Positiver Ausblick – kein Abgesang auf dem Büroimmobilienmarkt
Zwar gäbe es aktuell die niedrigsten Bürotransaktionsvolumina seit der Finanzkrise, doch sei der Büroimmobilienmarkt weiterhin von hoher Stabilität gekennzeichnet: Bei den Bürobeschäftigten werde es einen moderaten Anstieg bis 2026 von 2,5 Prozent und bei der Spitzenmietentwicklung von 4,4 Prozent geben. Und nach über drei Jahren Pandemie, konstatiert Wenner, sei die große Disruption auf dem deutschen Büroimmobilienmarkt außerdem ausgeblieben.
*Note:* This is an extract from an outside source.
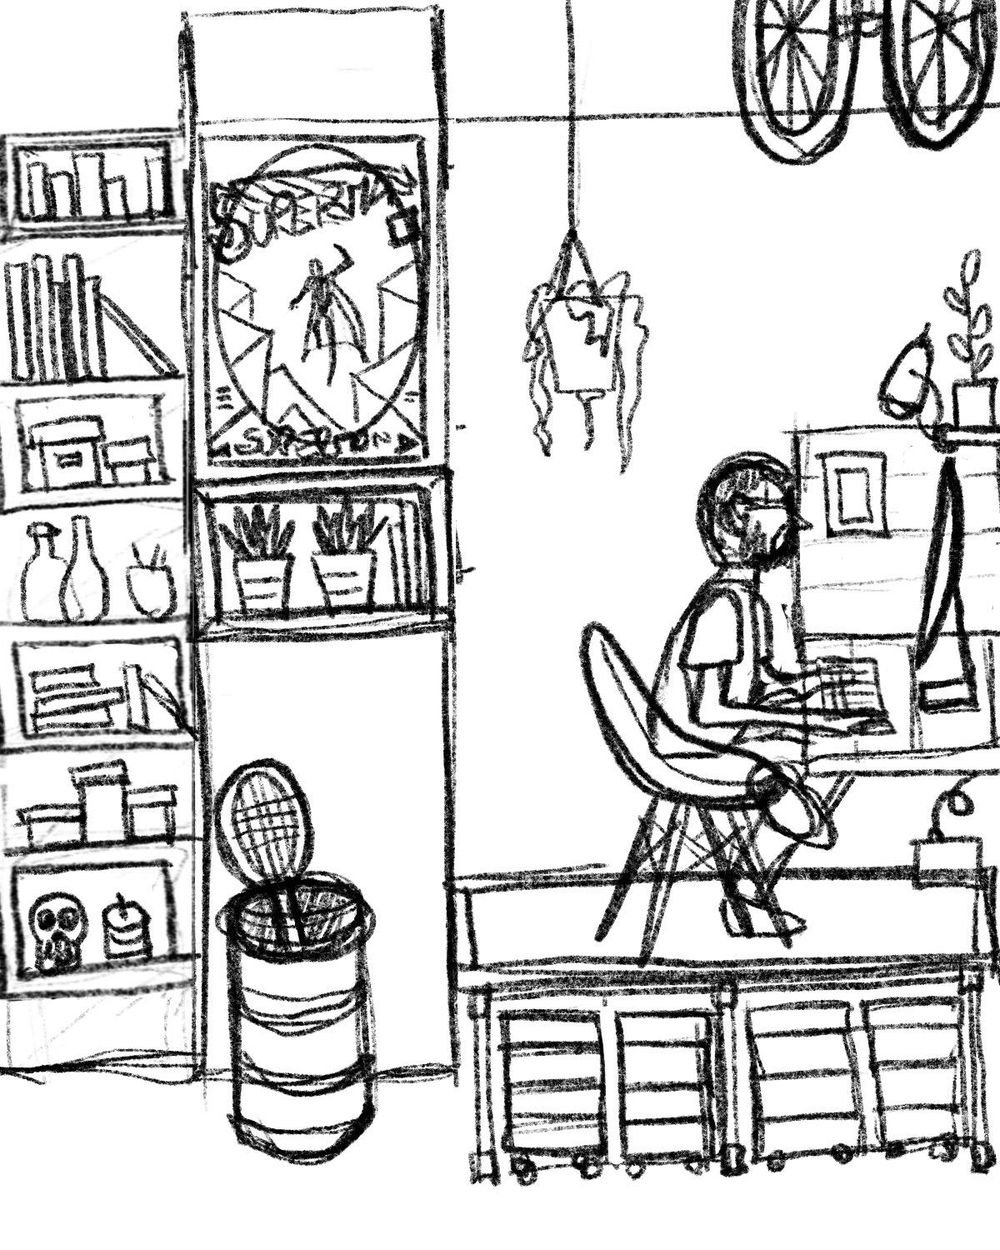 My workspace. Sebasandrade - image 3 - student project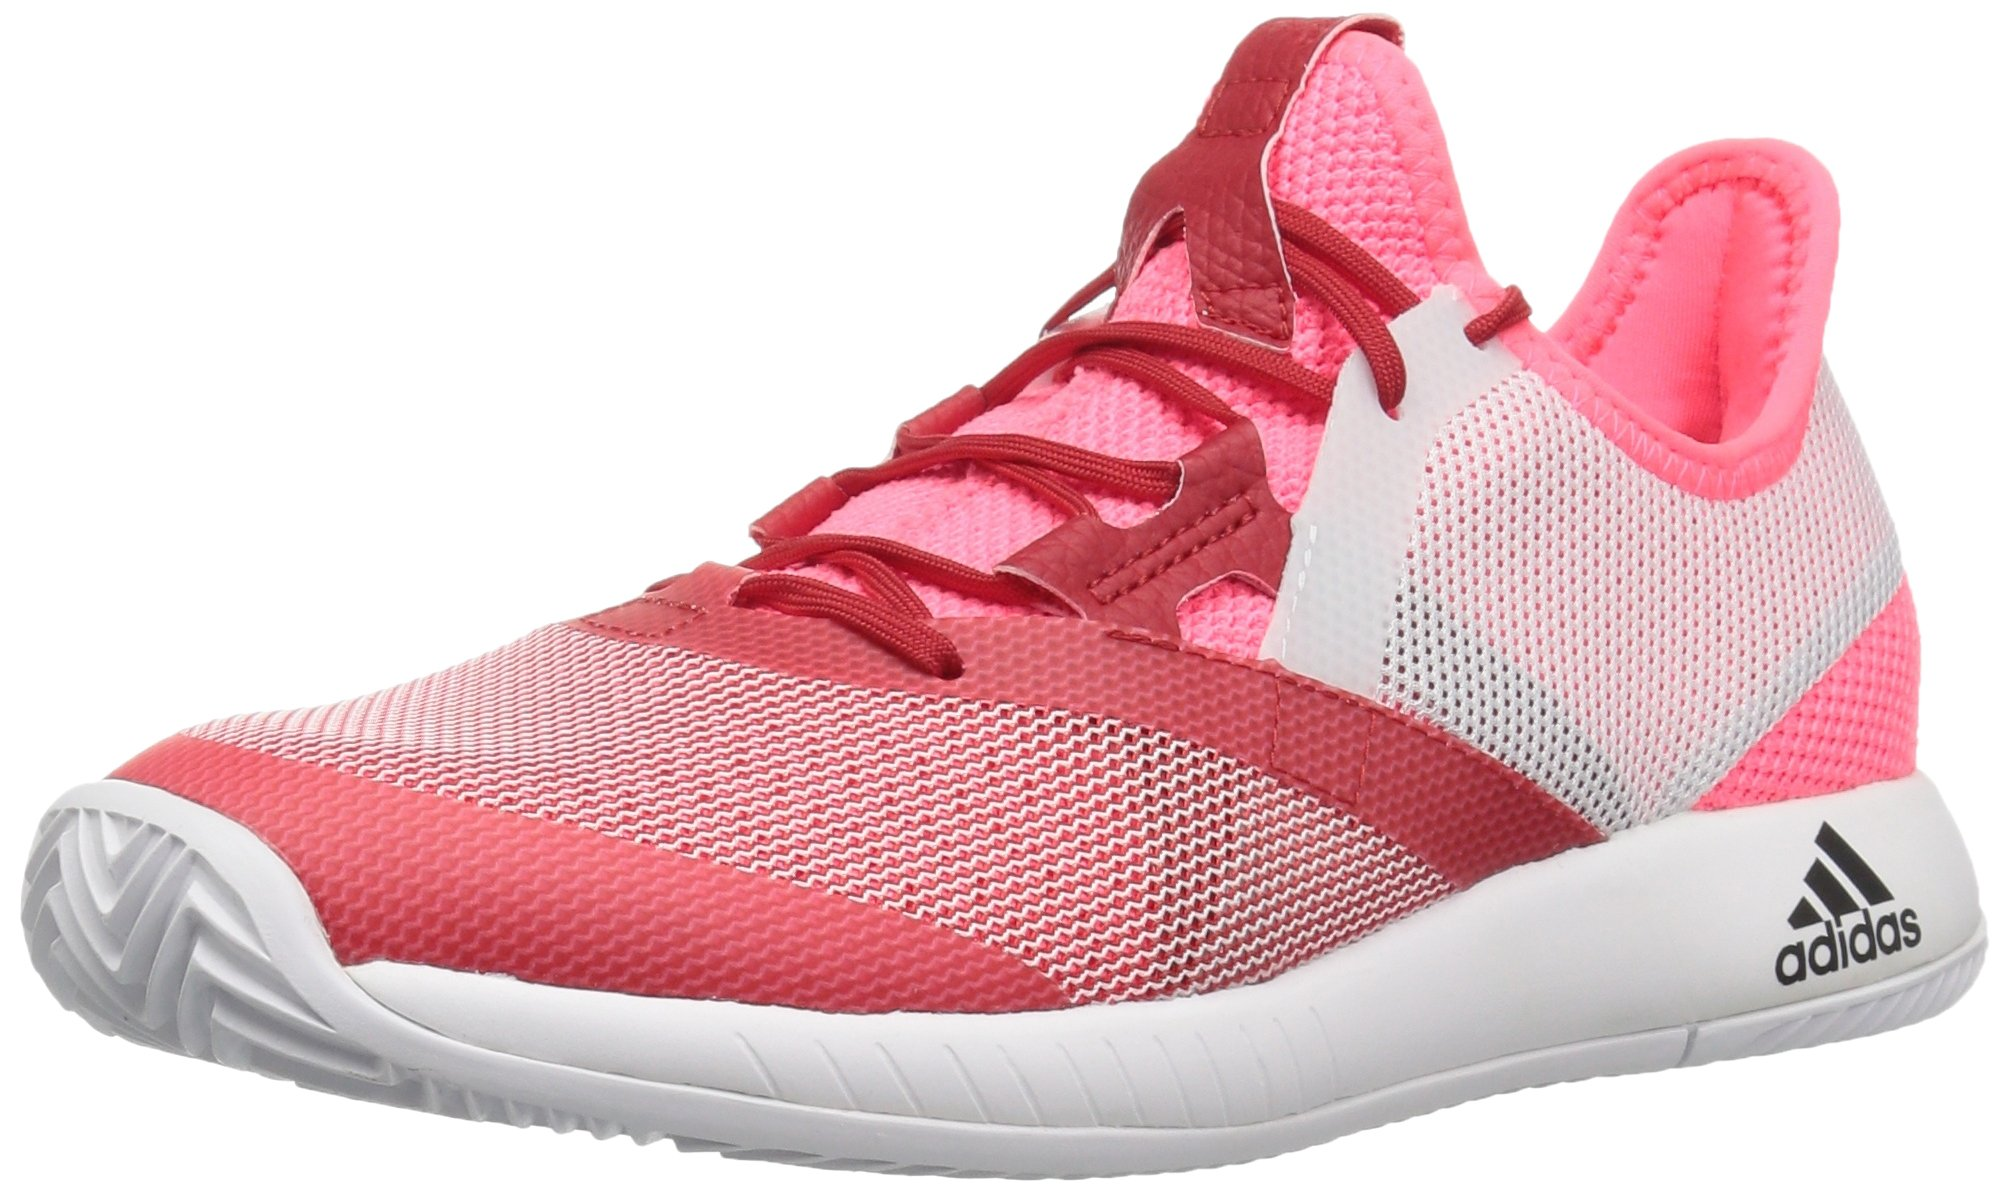 adidas Women's Adizero Defiant Bounce Tennis Shoe Flash red/White/Scarlet 6 M US by adidas (Image #1)

Ein Nachfrageeinbruch aufgrund von Remote-Arbeit könne daher nahezu ausgeschlossen werden. „Dennoch besteht Handlungsbedarf, denn die Nutzungsanforderungen werden hinsichtlich der flexiblen Arbeitszeitmodelle zunehmen. Ein aktives Assetmanagement, das sich an den Mieterbedürfnissen orientiert und gleichzeitig smarte Lösungen für Energieeinsparungen bereit hält, ist daher der Schlüssel zum Erfolg. Zusätzlich ist bei der Dekarbonisierung eine enge Zusammenarbeit zwischen Investor, Gebäudeeigentümer bzw. Asset Manager und Mieter gefragt“, erklärt Wenner.